我们也可以执行一些命令来检查输出结构是否符合预期。

td = env.reset()
print("reset tensordict", td) 
reset tensordict TensorDict(
    fields={
        done: Tensor(shape=torch.Size([1]), device=cpu, dtype=torch.bool, is_shared=False),
        params: TensorDict(
            fields={
                dt: Tensor(shape=torch.Size([]), device=cpu, dtype=torch.float32, is_shared=False),
                g: Tensor(shape=torch.Size([]), device=cpu, dtype=torch.float32, is_shared=False),
                l: Tensor(shape=torch.Size([]), device=cpu, dtype=torch.float32, is_shared=False),
                m: Tensor(shape=torch.Size([]), device=cpu, dtype=torch.float32, is_shared=False),
                max_speed: Tensor(shape=torch.Size([]), device=cpu, dtype=torch.int64, is_shared=False),
                max_torque: Tensor(shape=torch.Size([]), device=cpu, dtype=torch.float32, is_shared=False)},
            batch_size=torch.Size([]),
            device=None,
            is_shared=False),
        terminated: Tensor(shape=torch.Size([1]), device=cpu, dtype=torch.bool, is_shared=False),
        th: Tensor(shape=torch.Size([]), device=cpu, dtype=torch.float32, is_shared=False),
        thdot: Tensor(shape=torch.Size([]), device=cpu, dtype=torch.float32, is_shared=False)},
    batch_size=torch.Size([]),
    device=None,
    is_shared=False) 

我们可以运行env.rand_step()来从action_spec域中随机生成一个动作。
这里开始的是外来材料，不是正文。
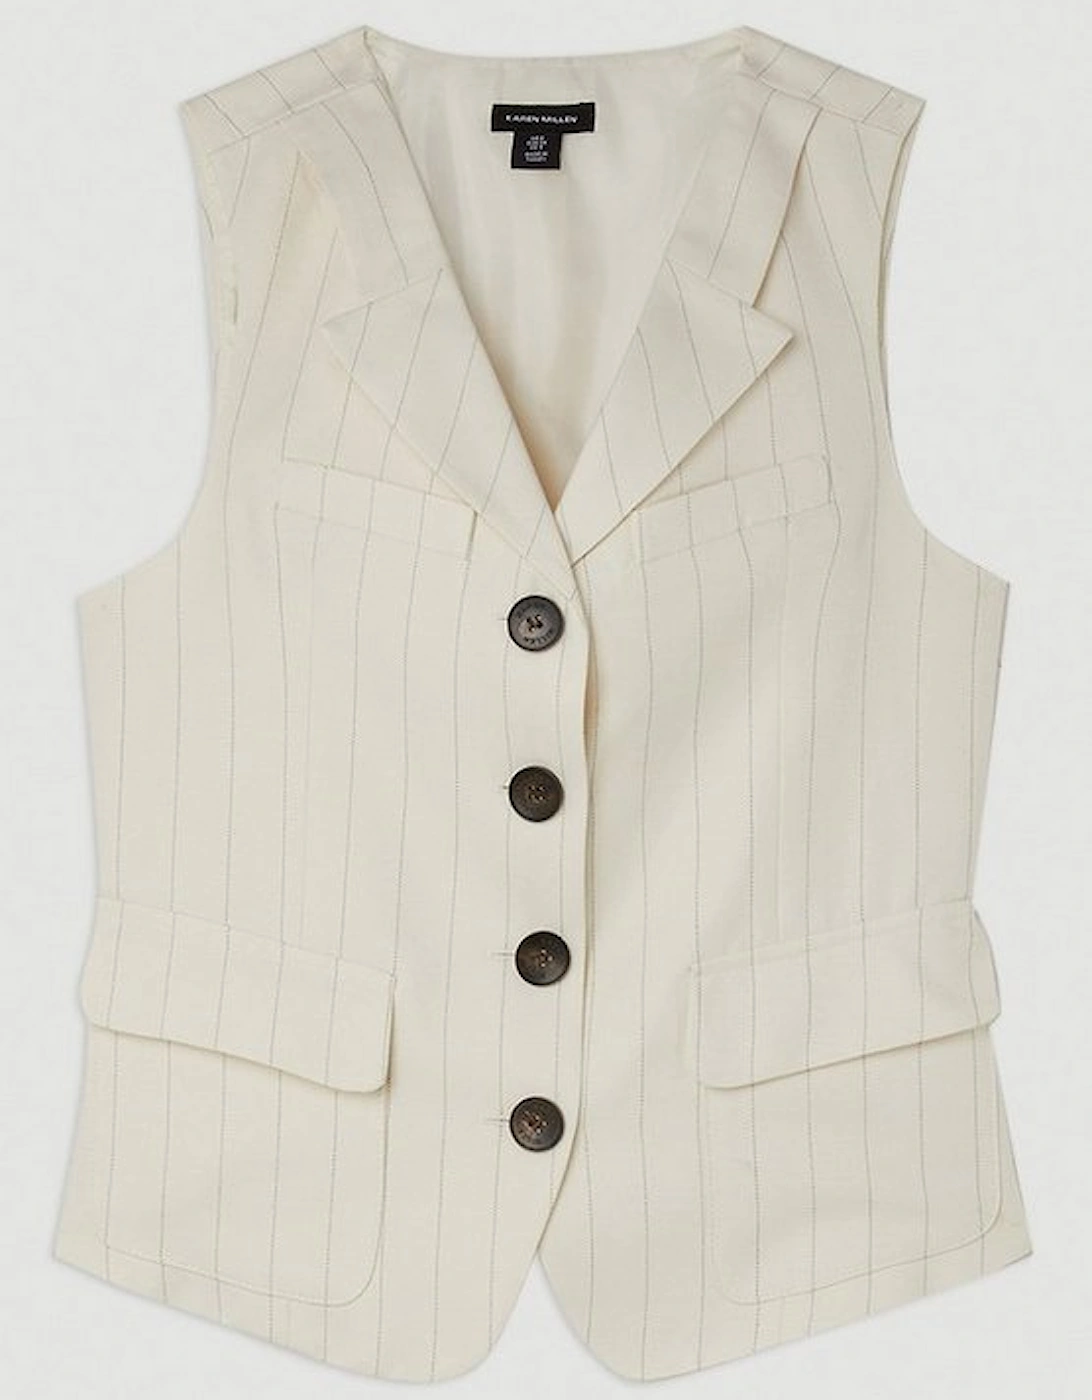 The Founder Striped Pocket Detail Single Breasted Waistcoat

由于我们的环境是无状态的,必须传递一个包含超参数和当前状态的tensordict。在有状态的情况下,env.rand_step()也可以完美运行。

td = env.rand_step(td)
print("random step tensordict", td) 
random step tensordict TensorDict(
    fields={
        action: Tensor(shape=torch.Size([1]), device=cpu, dtype=torch.float32, is_shared=False),
        done: Tensor(shape=torch.Size([1]), device=cpu, dtype=torch.bool, is_shared=False),
        next: TensorDict(
            fields={
                done: Tensor(shape=torch.Size([1]), device=cpu, dtype=torch.bool, is_shared=False),
                params: TensorDict(
                    fields={
                        dt: Tensor(shape=torch.Size([]), device=cpu, dtype=torch.float32, is_shared=False),
                        g: Tensor(shape=torch.Size([]), device=cpu, dtype=torch.float32, is_shared=False),
                        l: Tensor(shape=torch.Size([]), device=cpu, dtype=torch.float32, is_shared=False),
                        m: Tensor(shape=torch.Size([]), device=cpu, dtype=torch.float32, is_shared=False),
                        max_speed: Tensor(shape=torch.Size([]), device=cpu, dtype=torch.int64, is_shared=False),
                        max_torque: Tensor(shape=torch.Size([]), device=cpu, dtype=torch.float32, is_shared=False)},
                    batch_size=torch.Size([]),
                    device=None,
                    is_shared=False),
                reward: Tensor(shape=torch.Size([1]), device=cpu, dtype=torch.float32, is_shared=False),
                terminated: Tensor(shape=torch.Size([1]), device=cpu, dtype=torch.bool, is_shared=False),
                th: Tensor(shape=torch.Size([]), device=cpu, dtype=torch.float32, is_shared=False),
                thdot: Tensor(shape=torch.Size([]), device=cpu, dtype=torch.float32, is_shared=False)},
            batch_size=torch.Size([]),
            device=None,
            is_shared=False),
        params: TensorDict(
            fields={
                dt: Tensor(shape=torch.Size([]), device=cpu, dtype=torch.float32, is_shared=False),
                g: Tensor(shape=torch.Size([]), device=cpu, dtype=torch.float32, is_shared=False),
                l: Tensor(shape=torch.Size([]), device=cpu, dtype=torch.float32, is_shared=False),
                m: Tensor(shape=torch.Size([]), device=cpu, dtype=torch.float32, is_shared=False),
                max_speed: Tensor(shape=torch.Size([]), device=cpu, dtype=torch.int64, is_shared=False),
                max_torque: Tensor(shape=torch.Size([]), device=cpu, dtype=torch.float32, is_shared=False)},
            batch_size=torch.Size([]),
            device=None,
            is_shared=False),
        terminated: Tensor(shape=torch.Size([1]), device=cpu, dtype=torch.bool, is_shared=False),
        th: Tensor(shape=torch.Size([]), device=cpu, dtype=torch.float32, is_shared=False),
        thdot: Tensor(shape=torch.Size([]), device=cpu, dtype=torch.float32, is_shared=False)},
    batch_size=torch.Size([]),
    device=None,
    is_shared=False) 

转换环境

为无状态模拟器编写环境转换比为有状态模拟器稍微复杂一些:转换需要在下一次迭代时读取的输出条目需要在下一步调用meth.step()之前应用逆转换。这是展示 TorchRL 转换所有功能的理想场景!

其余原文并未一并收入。